Unpacking Averages: Using Natural Language Processing to Extract Quality Information from MDRs
Over the spring and summer, I did a series of posts on extracting quality information from FDA enforcement initiatives like warning letters, recalls, and inspections. But obviously FDA enforcement actions are not the only potential sources of quality data that FDA maintains. FDA has what is now a massive data set on Medical Device Reports (or “MDRs”) that can be mined for quality data. Medical device companies can, in effect, learn from the experiences of their competitors about what types of things can go wrong with medical devices.
The problem, of course, is that the interesting data in MDRs is in what a data scientist would call unstructured data, in this case English language text describing a product problem, where the information or insights cannot be easily extracted given the sheer volume of the reports. In calendar year 2021, for example, FDA received almost 2 million MDRs. It just isn’t feasible for a human to read all of them.
That’s where a form of machine learning, natural language processing, or more specifically topic modeling, comes in. I used topic modeling last November for a post about major trends over the course of a decade in MDRs. Now I want to show how the same topic modeling can be used to find more specific experiences with specific types of medical devices to inform quality improvement.

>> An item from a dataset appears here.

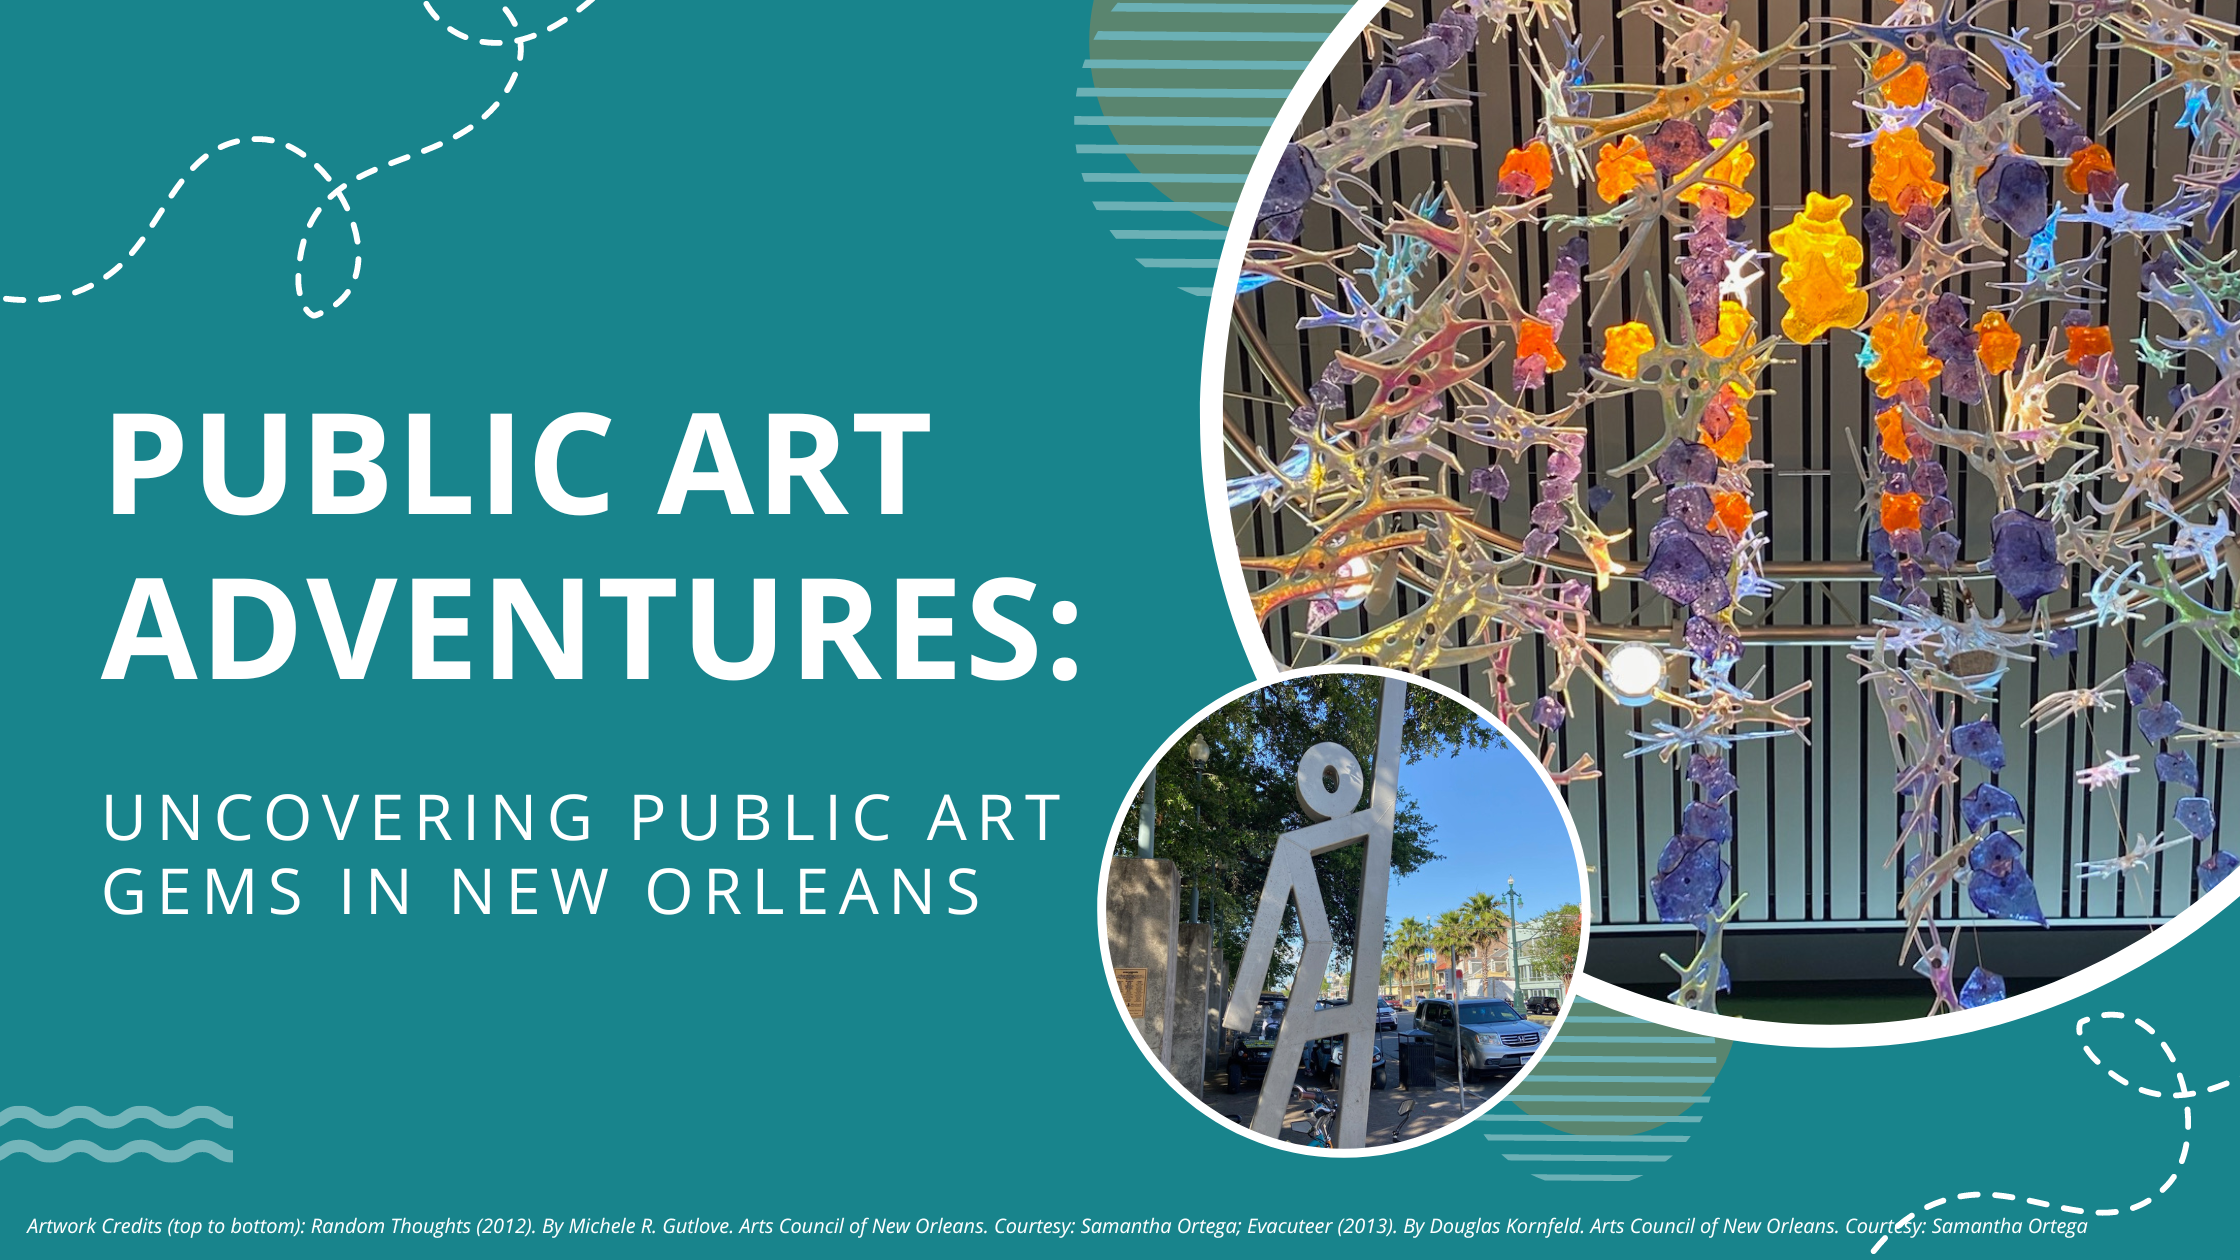 Public Art Adventures: Uncovering Public Art Gems in New Orleans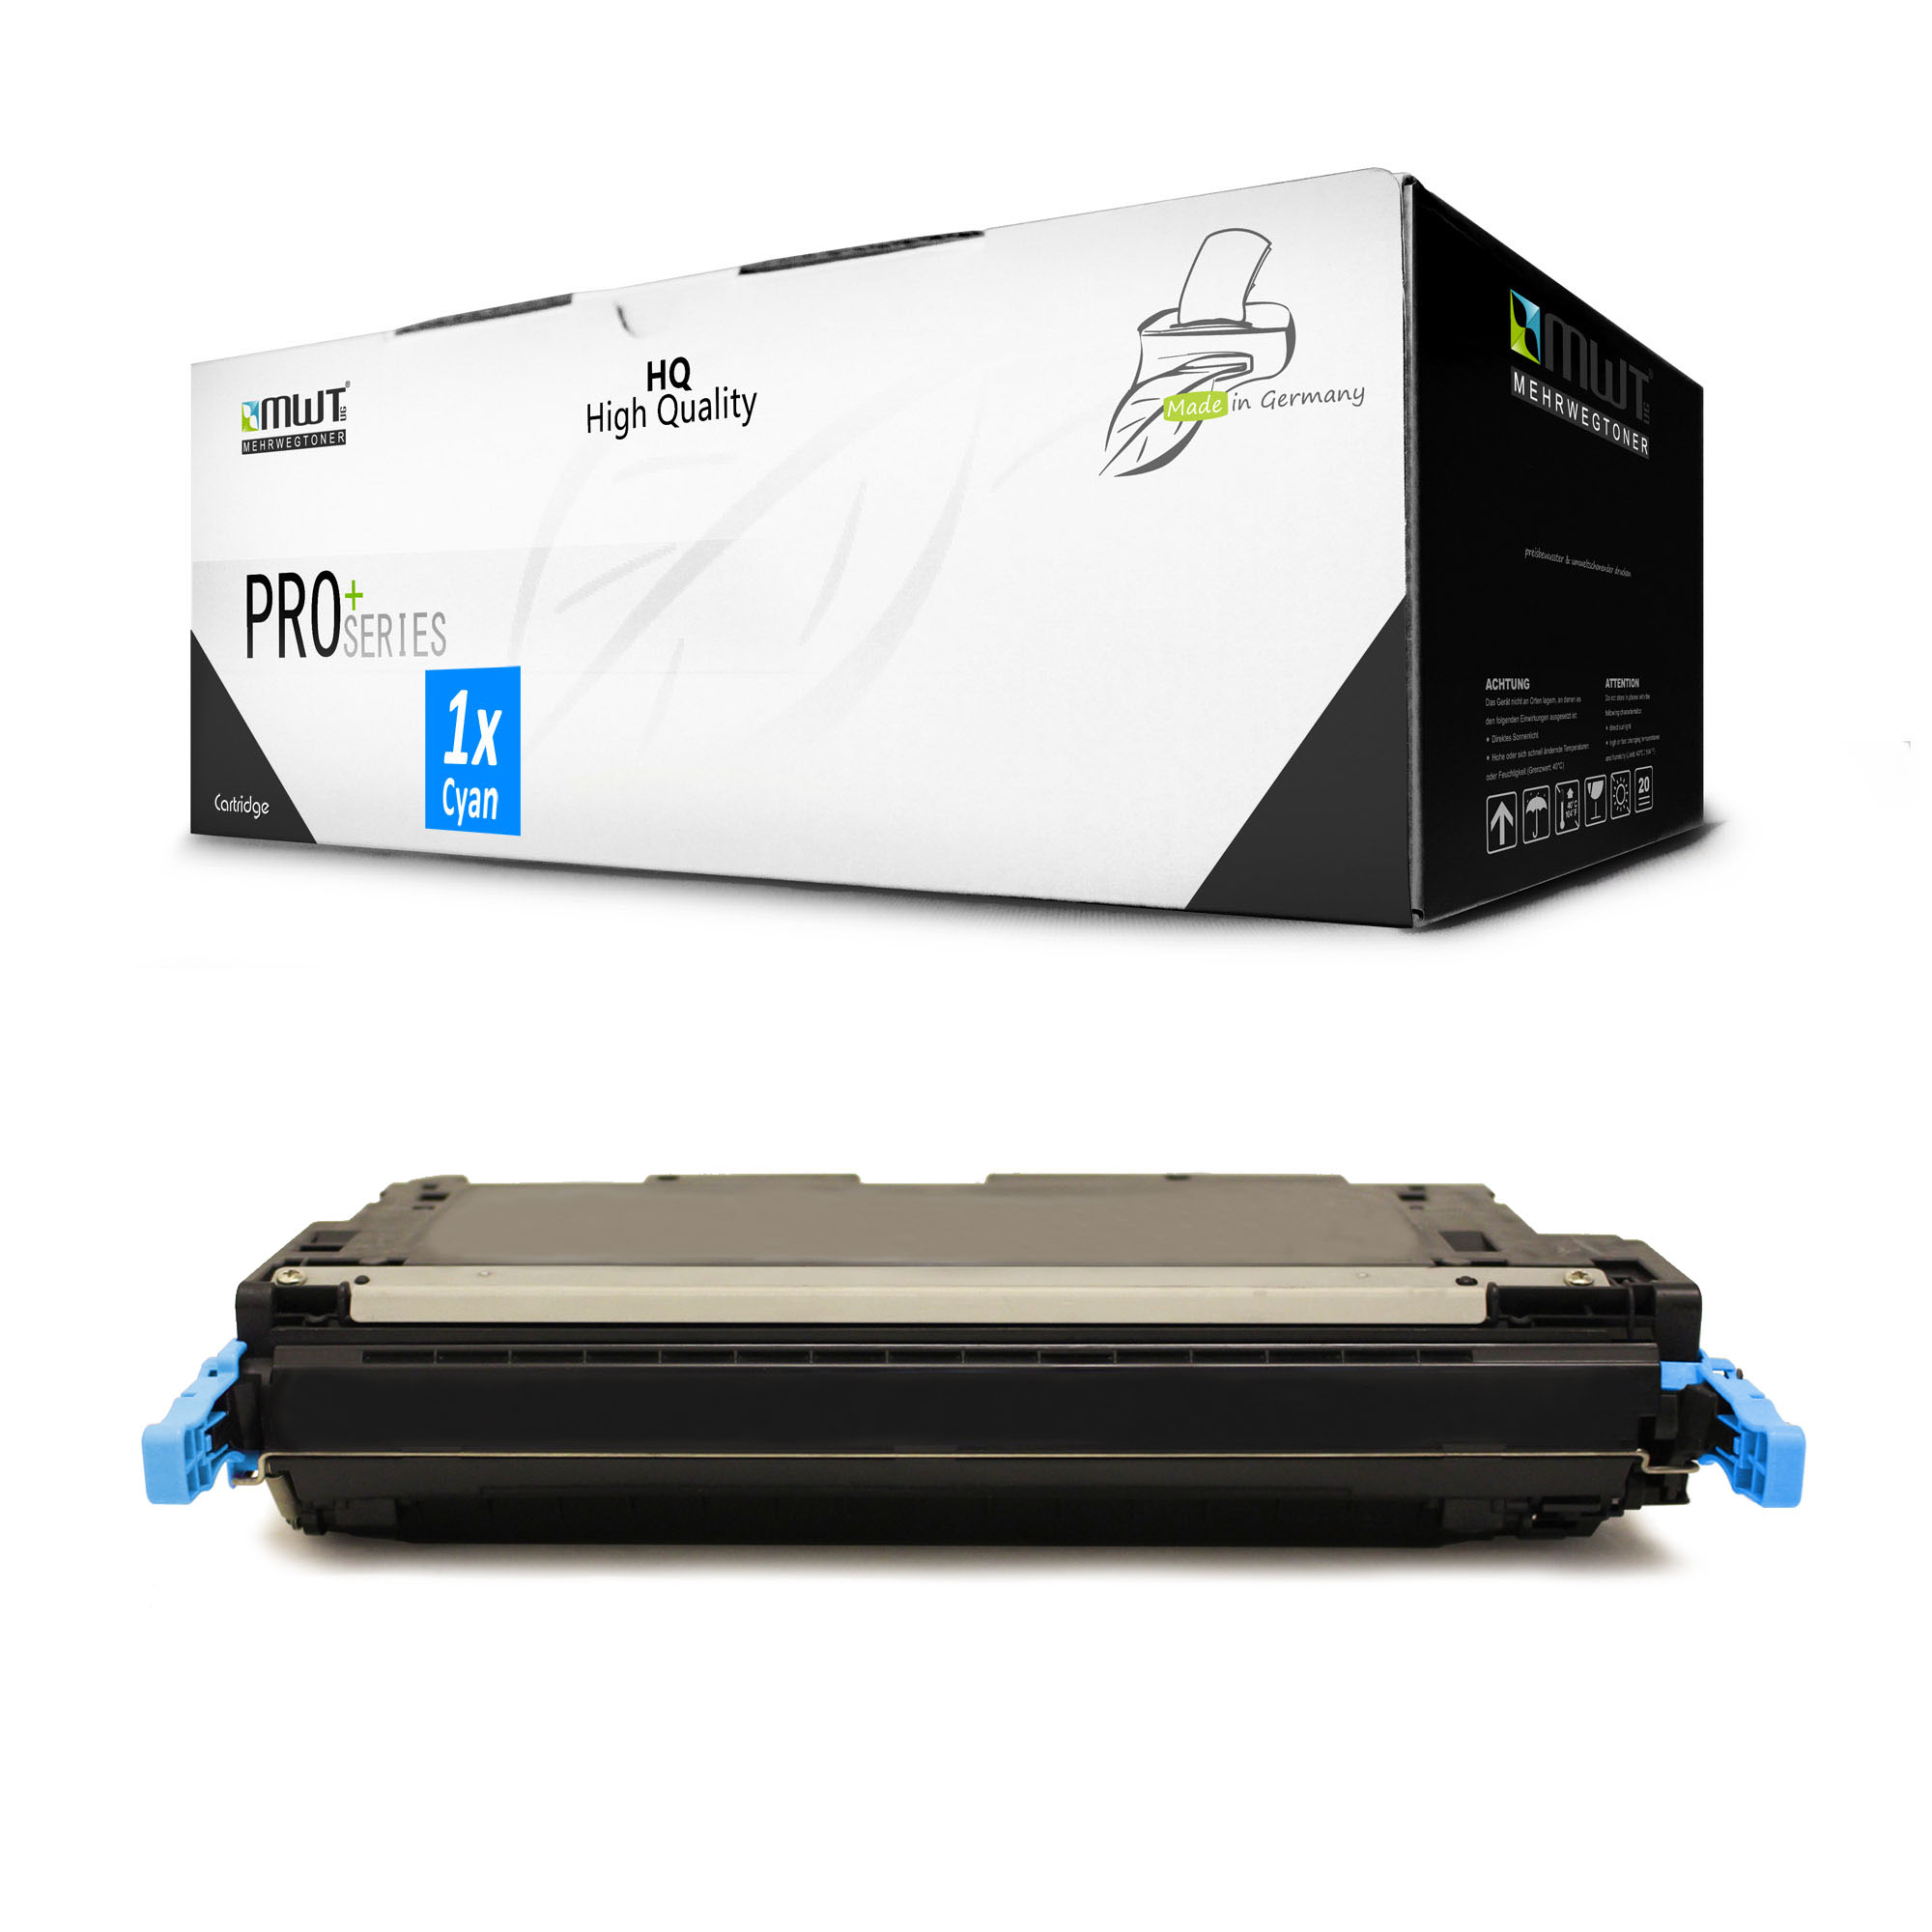 MEHRWEGTONER ersetzt HP 502A) / Q6471A (Q6471A / Cyan 502A Cartridge Toner

As I explained last November, topic modeling requires the exercise of judgment to find what is relevant to the business. In this post, I once again choose to use Latent Dirichlet Allocation, a form of unsupervised learning, but this time implemented through the Python library SKLearn. In unsupervised learning, a data scientist needs to make some decisions about what information to include and what to exclude from the database to find the most meaningful topics.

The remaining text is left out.